Guys, I’ve got a DELICIOUS dinner to share with you today! I recently created this dish for one of the weekly menus in No-Fail Meals since it is ready in just 35 minutes, super easy to make, and healthy.
Growing up, I loved rice pilaf and would order it whenever I got the chance at restaurants.
I didn’t really know exactly what it was back then. But, I knew if I ordered it, I would get some buttery, tasty, savory rice and maybe some veggies thrown in it. Done.
Enter: the brown rice pilaf.
I made this recipe with a mediterranean feel so you get the saltiness from the brined kalamata olives, the freshness of the acidic grape tomatoes, the chewiness of the browned cremini mushrooms and brown rice, followed by the pungent and crisp sliced green onions. Add to that a tender, seasoned slice of flank steak and it’s drop dead deliciousness.
It’s like a Mediterranean pilaf party in your mouth!
And, if that sounds awesome to you, I have 2 things to tell you: (1) you’re gonna love this meal, and (2) we should be friends. Because Mediterranean pilaf parties are fun.
To make the pilaf healthier, I turned it into a brown rice pilaf which uses unrefined brown rice that contains more fiber and nutrients than its white rice counterpart.
While I love the paring of the leaner flank steak, you could easily swap it for chicken or another protein to go with the tasty brown rice pilaf. Or, if you wanted to make a vegetarian option, you could replace the chicken stock with vegetable stock and then not serve with a meat. Easy peasy.
If you happen to be struggling to find reasonable, delicious, and healthy meals that you can get ready quickly after work, check out No-Fail Meals and let me do all the planning for you.
Brown Rice Pilaf with Flank Steak
- 1 1/2 cups uncooked brown rice
- 3 cups low sodium chicken broth
- 1 tsp kosher salt divided
- 1 1/2 lbs flank steak
- 1/2 tsp ground black pepper
- 15 medium cremini mushrooms sliced
- 3 green onions plus more for garnish, thinly sliced
- 3/4 cup grape tomatoes sliced in half lengthwise
- 10-15 kalamata olives pitted and sliced in half lengthwise
Combine the brown rice, chicken broth, and 1/2 tsp. kosher salt in a deep stock pot. Cover and cook on medium-high heat until the rice is tender, about 15-20 minutes.
Heat the olive oil over medium-high heat in a large fry pan.

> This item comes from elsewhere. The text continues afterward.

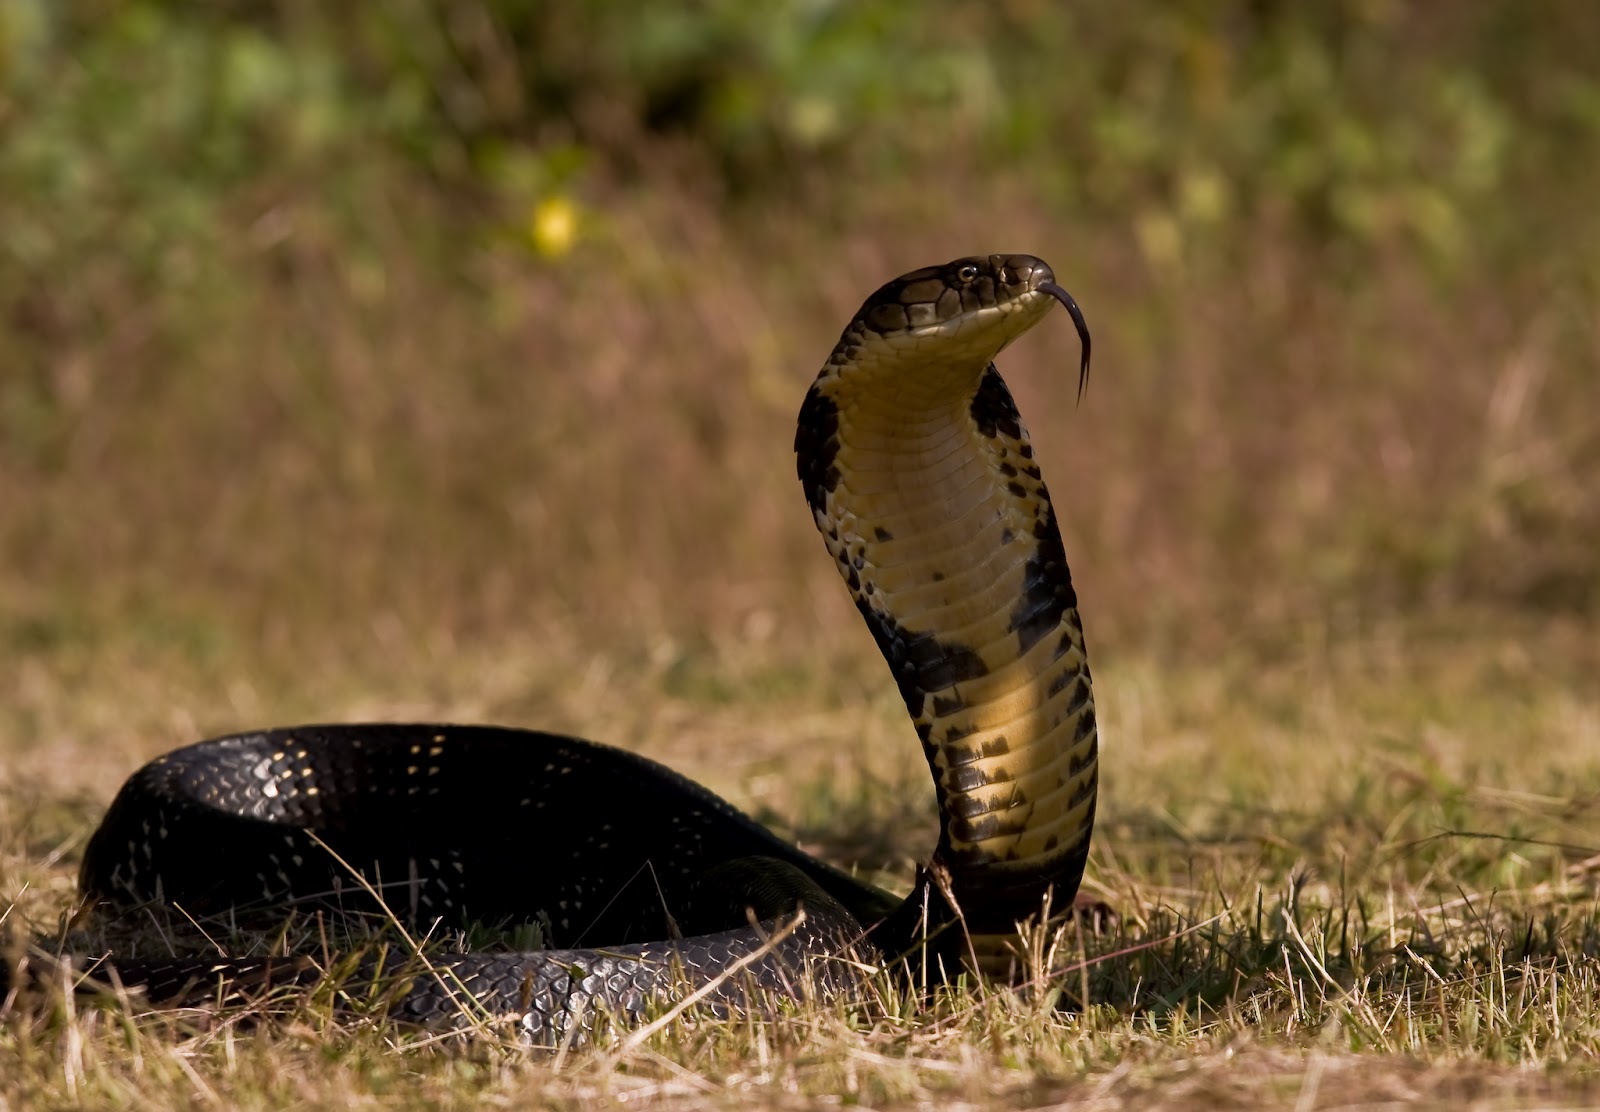 king cobra wallpaper,vertebrate,snake,reptile,king cobra,terrestrial animal

Season both sides of the flank steak with the remaining 1/2 tsp. kosher salt and black pepper.
Add the steak to the hot oil and cook until well browned on both sides, flipping occasionally as needed, approximately 3-4 minutes per side. Remove from heat and set aside to rest.

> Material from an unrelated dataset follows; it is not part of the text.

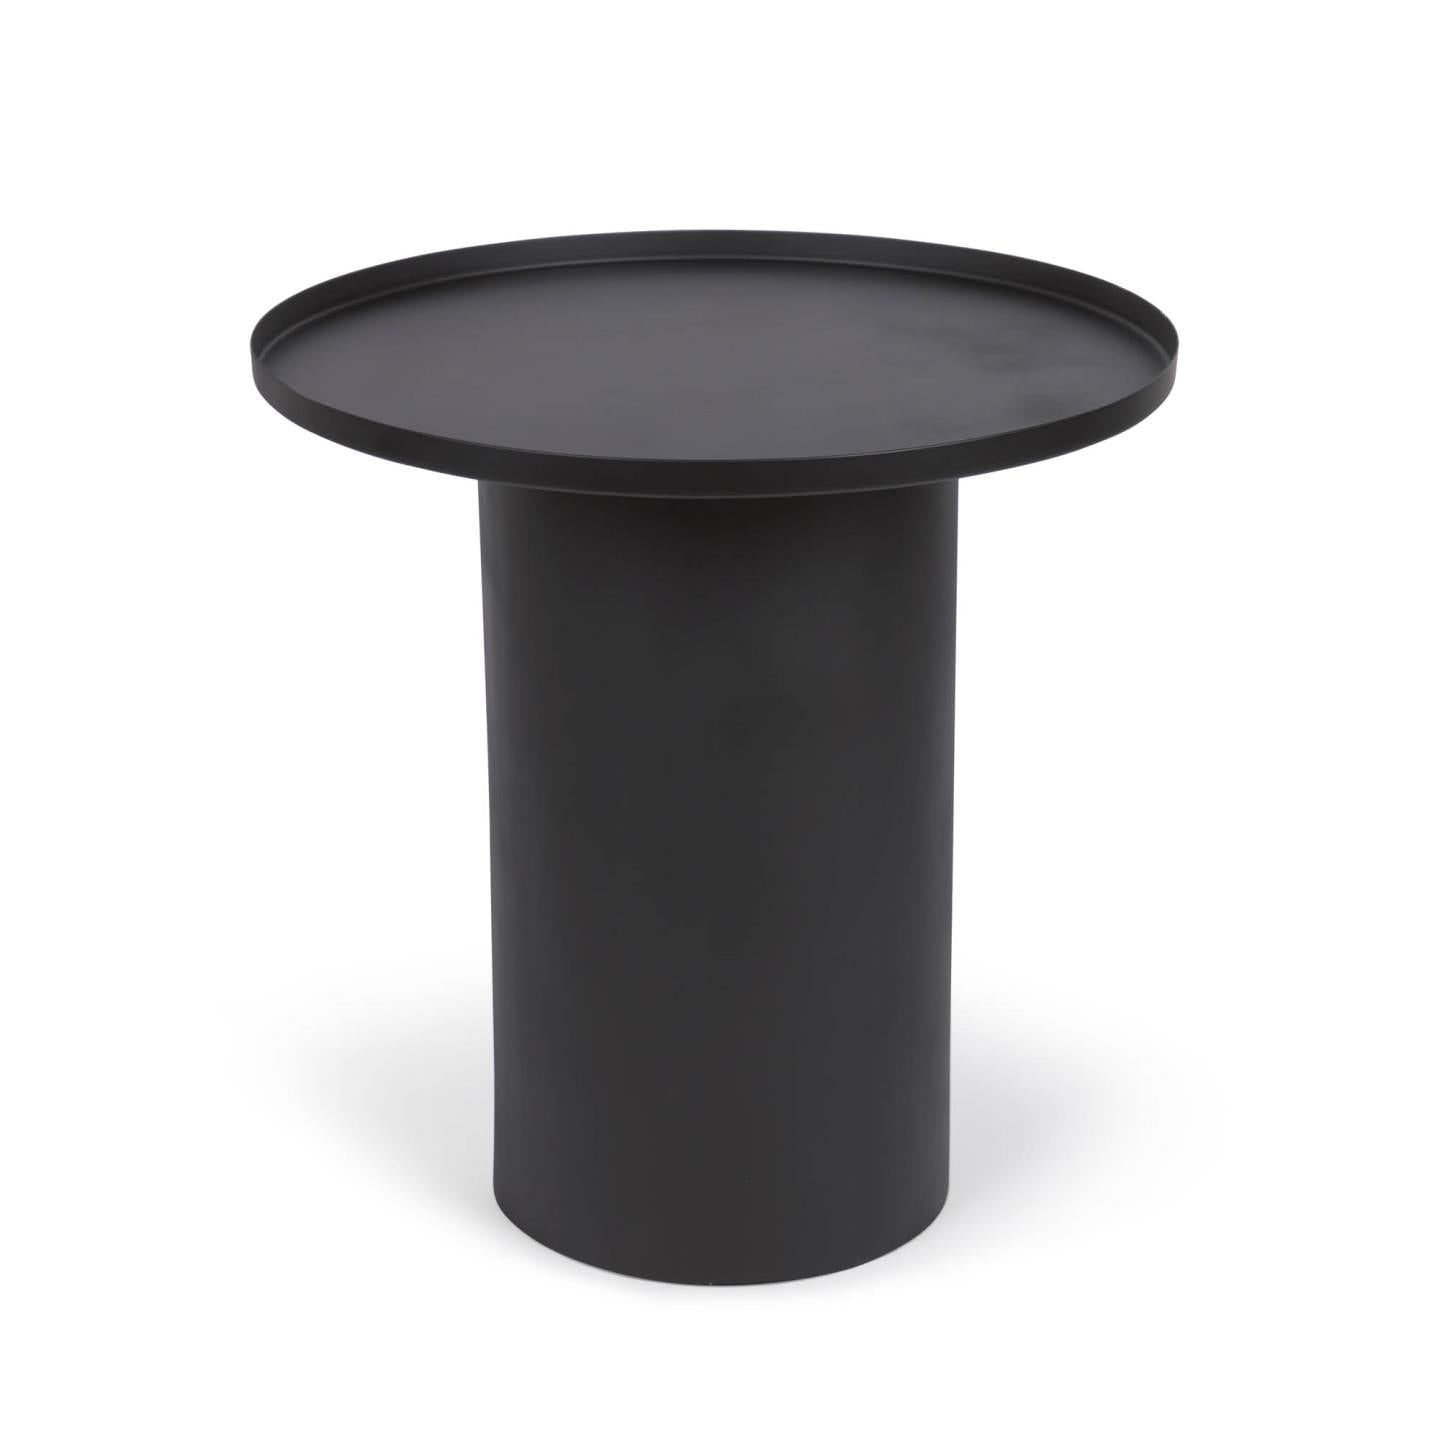 Kave Home Fleksa runder Beistelltisch aus Metall schwarz Ø 45 cm Schwarz-LH0159R01 #LH0159R01

In the same pan where you cooked the steak, add the mushrooms and cook for 3-4 minutes, until browned.
Add the sliced green onions and cook for 1 minute.

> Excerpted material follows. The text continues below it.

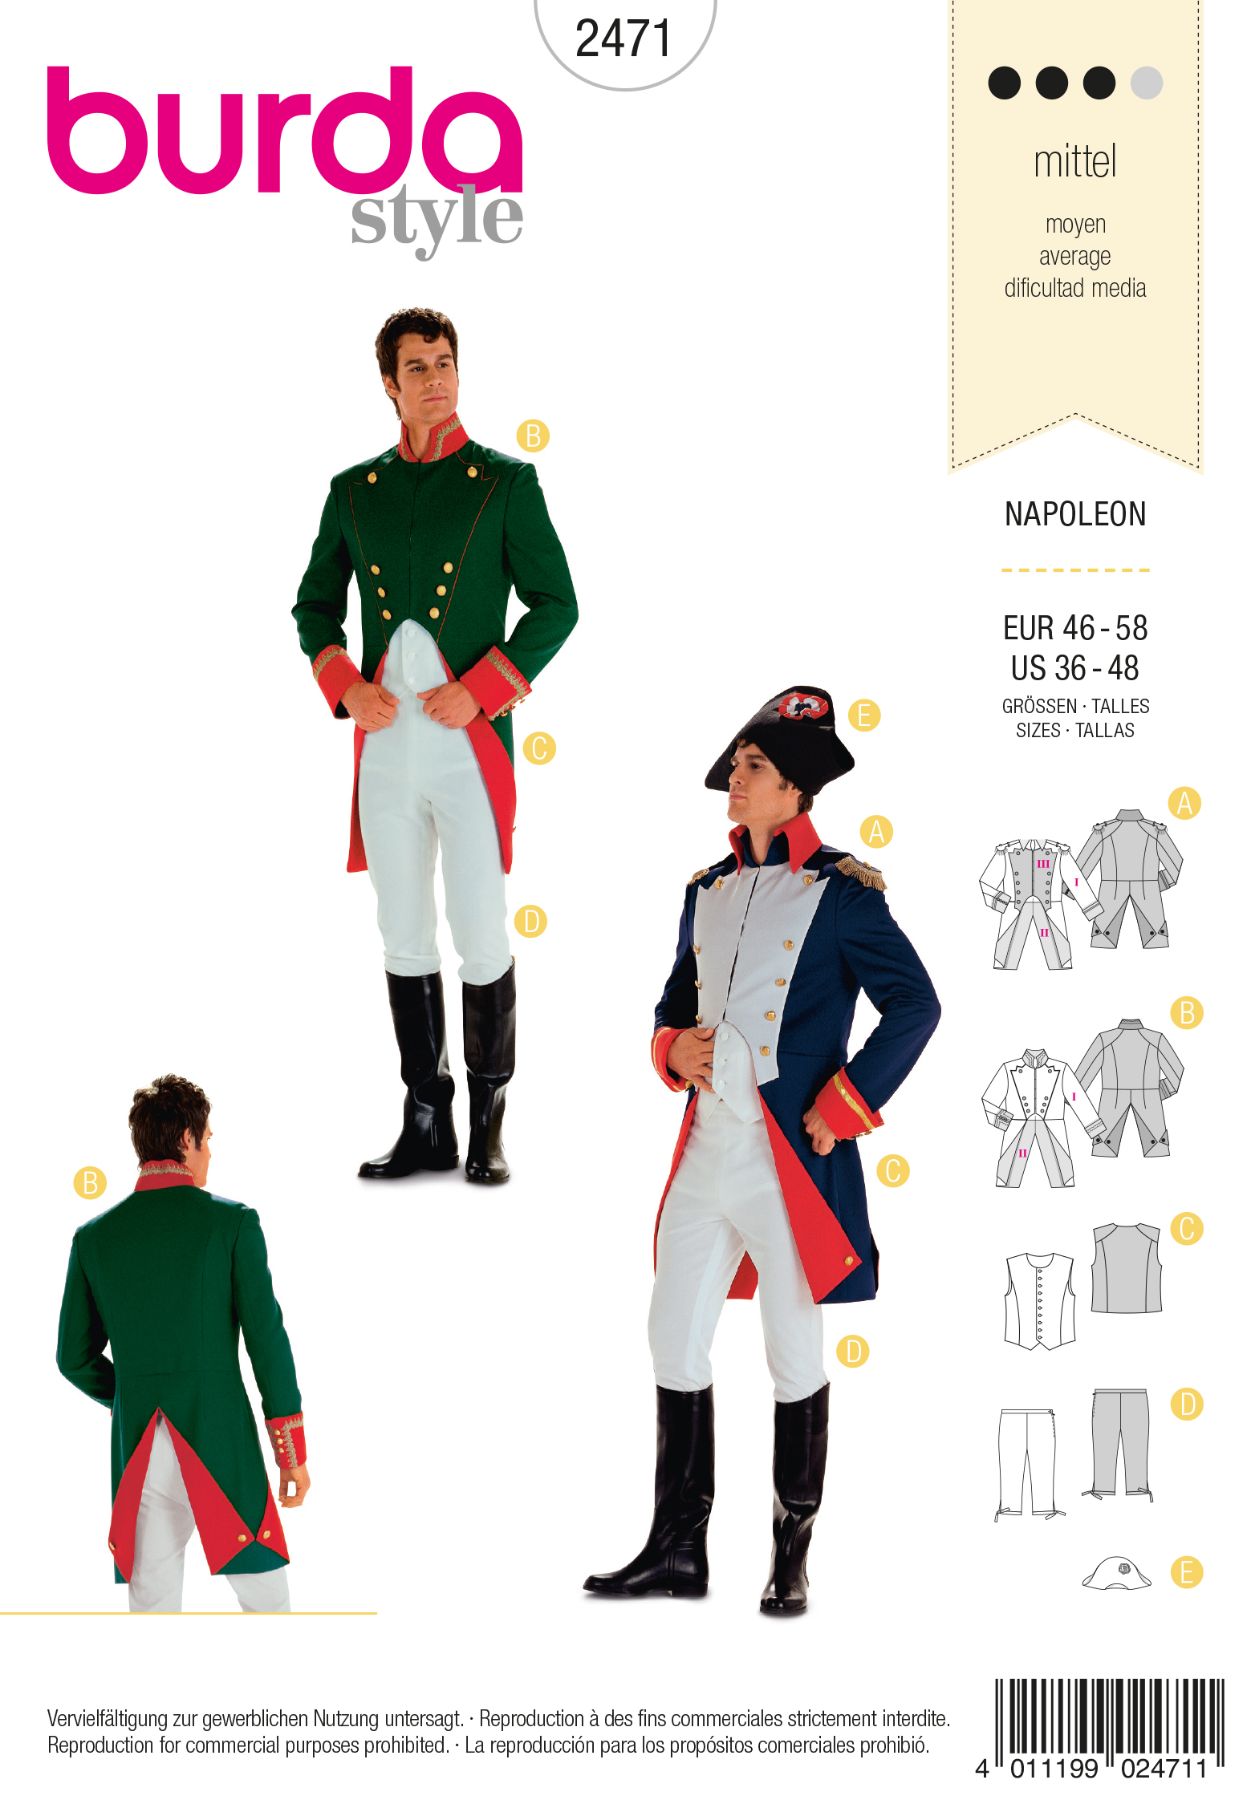 Burda Couture 2471 - Napoleon

Add the tomatoes and kalamata olives and cook for 1 minute.
Add 2 cups of the (now) cooked brown rice to the mushroom-tomato mixture and stir to combine.
Cook until heated through and incorporated, about 2-3 minutes.
Slice the steak against the grain into slices and serve over the brown rice pilaf.
Garnish with additional sliced green onions, if desired.